Realtime API Beta

Powering real-time audio interactions with Featherless

In October of 2024, OpenAI launched a real-time audio protocol. This protocol, which runs over either a Websocket or a WebRTC connection, is a stateful protocol and in a real-time native interface, intended to support the development of speech-to-speech applications with low latency requirements. Like their assistants API, this API is still in Beta today.

Today, February 23rd, 2025, Featherless is pleased to announce our real-time audio API is now available, also as a beta. This allows any of our catalogue of our +4,200 models to be used, with by a Speech-to-Text (STT) model as input processor and Text-to-Speech (TTS) model as output processor and via the OpenAI Realtime audio protocol. This consumes 2 concurrency units for STT and TTS layer + whatever concurrency needed for the underlying model. This means that Premium subscribers can use one real-time connection with a model up to 34B in size.

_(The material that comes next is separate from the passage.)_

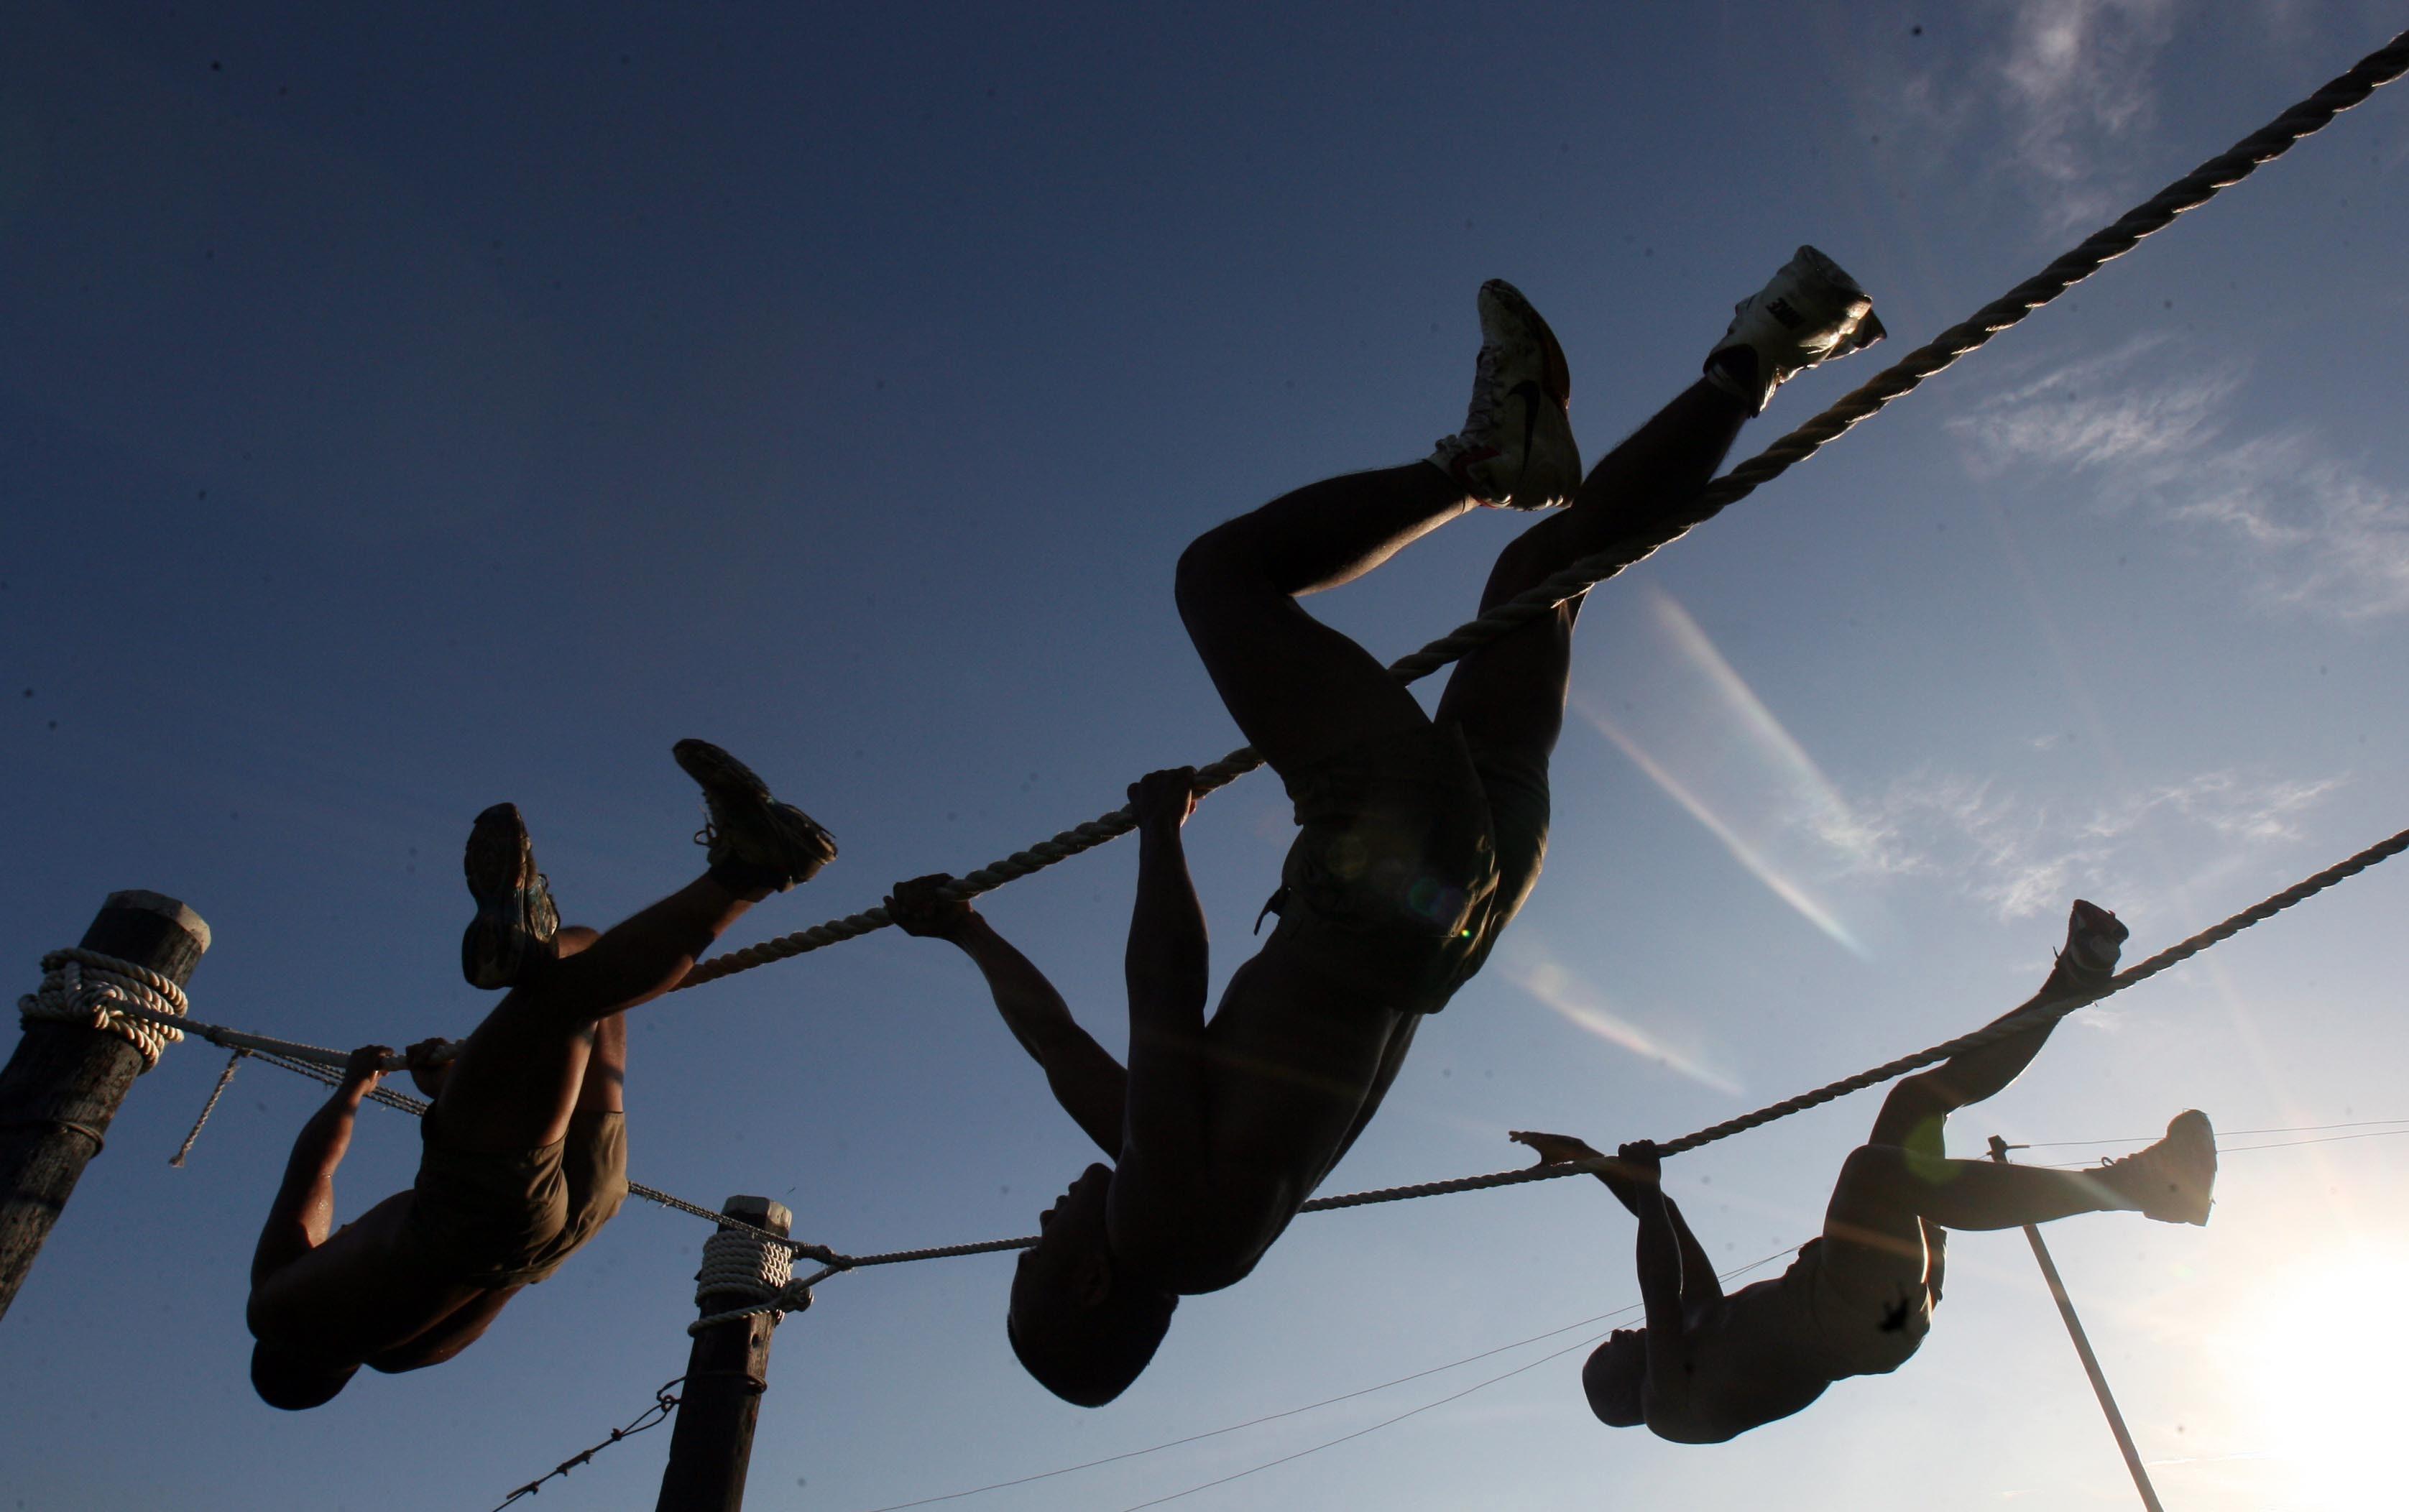 Three man climbing on rope under the sunset photo

At this time, our API implements a subset of OpenAI and will be of interest to developers that are building client applications and are familiar with OpenAI’s real-time API specification. As our list of supported applications grows, we will expand the beta to end-users; we plan to support first via our assistant app, Phoenix, and later in Wyvern.

For a hands-on introduction to the API and how to use it from a browser, please see this tutorial

Support

Our API follows OpenAI’s real-time API definition closely (official docs here and here). We follow the same session establishment mechanism, we support both websockets and Web RTC, we do not currently support voice audio detection (VAD) (this means a client application must allow a user to take action outside of the audio channel to trigger an iteraction) and we support a subset of the events in the spec, specifically

Client Events

Event	Currently supported?	Reference
`session.update`		ref
`input_audio_buffer.append`	✅	ref
`input_audio_buffer.commit`	✅	ref
`input_audio_buffer.clear`		ref
`conversation.item.create`	✅	ref
`conversation.item.truncate`		ref
`conversation.item.delete`		ref
`response.create`	✅	ref
`response.cancel`		ref

Server Events

Event	Generated?	Reference
`error`		ref
`session.created`	✅	ref
`session.updated`		ref
`conversation.created`	✅	ref
`conversation.item.created`		ref
`conversation.item.input_audio_transcription.completed`		ref
`conversation.item.input_audio_transcription.failed`		ref
`conversation.item.truncated`		ref
`conversation.item.deleted`		ref
`input_audio_buffer.committed`		ref
`input_audio_buffer.cleared`		ref
`input_audio_buffer.speech_started`		ref
`input_audio_buffer.speech_stopped`		ref
`response.created`	✅	ref
`response.done`	✅	ref
`response.output_item.added`	✅	ref
`response.output_item.done`	✅	ref
`response.content_part.added`	✅	ref
`response.content_part.done`	✅	ref
`response.text.delta`	✅	ref
`response.text.done`	✅	ref
`response.audio_transcript.delta`	✅	ref
`response.audio_transcript.done`	✅	ref
`response.audio.delta`	✅	ref
`response.audio.done`	✅	ref
`response.function_call_arguments.delta`		ref
`response.function_call_arguments.done`		ref
`rate_limits.updated`		ref

Session Establishment

WebRTC

WebRTC is the intended form of connection for browser-based applications. WebRTC session establishment happens in three parts

server generates an ephemeral key for the current session
client uses the ephemeral key to obtain a WebRTC session description
client connects a RTCPeerConnection object via that session description

The endpoints needed for steps 1. and 2. above are https://api.featherless.ai/v1/realtime/sessions and https://api.featherless.ai/v1/realtime .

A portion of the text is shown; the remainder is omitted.